If the response (a part of it) is "Hólá Múndó", lStringResponse value will be "Hólá Múndó", and lDecodedResponse will be "Hólá Múndó".

But if the user adds any emoji (lStringResponse value will be "Hólá Múndó 😀" if the emoji is ) Utf8Decode fails and returns an empty string. Is there a way to get just the ANSI characters from a string (or MemoryStream)?, or removing whatever Utf8Decode can't convert?

Thanks for your time.

Daniel
  • 53
  • 7

1 Answers1

3

TMemoryStream is just raw bytes. There is no reason to loading that stream into a TStringList just to extract a (Wide|Ansi)String from it.

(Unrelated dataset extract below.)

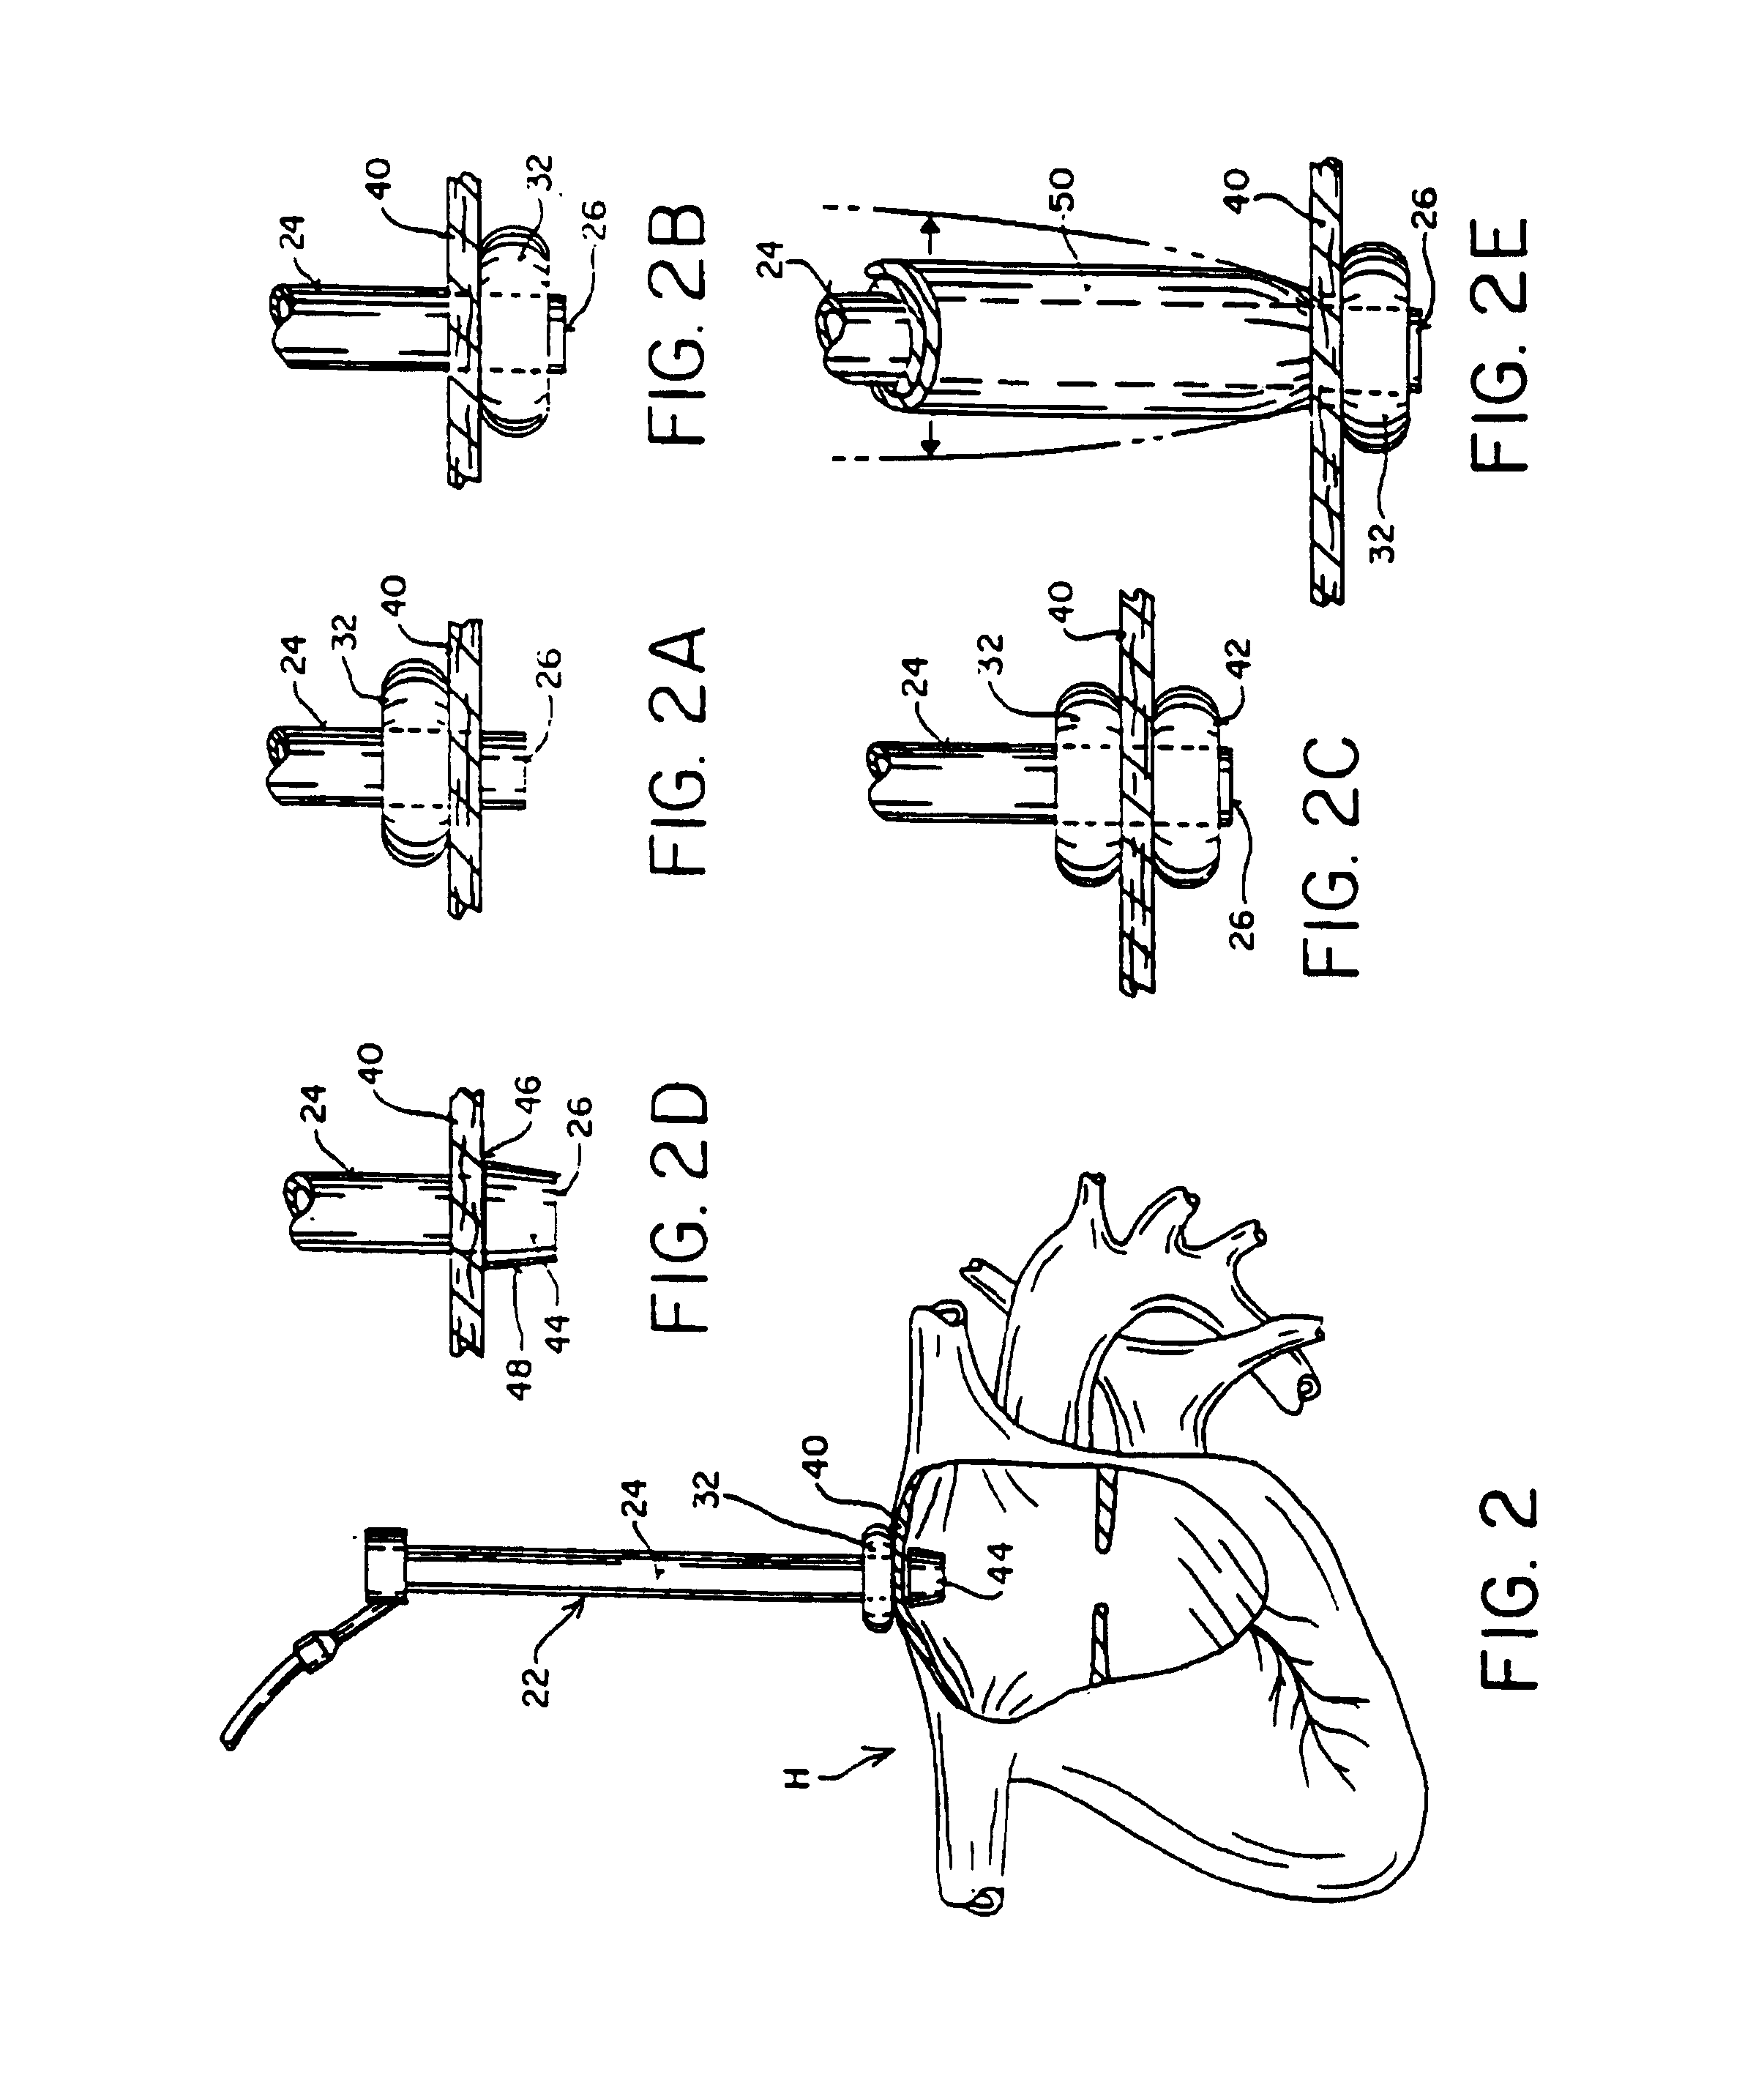 Method of Forming a Lesion in Heart Tissue

You can assign the bytes directly to an AnsiString/UTF8String using SetString() instead, eg:

var
  lStringResponse: UTF8String;
  lDecodedResponse: WideString;
begin
  SetString(lStringResponse, PAnsiChar(lResponseMemoryStream.Memory), lResponseMemoryStream.Size);
  lDecodedResponse := UTF8Decode(lStringResponse);
end;

Just make sure the HTTP content really is encoded as UTF-8, or else this approach will not work.

That being said - UTF8Decode() (and UTF8Encode()) in Delphi 7 DO NOT support Unicode codepoints above U+FFFF, which means they DO NOT support Emojis at all. That was fixed in Delphi 2009.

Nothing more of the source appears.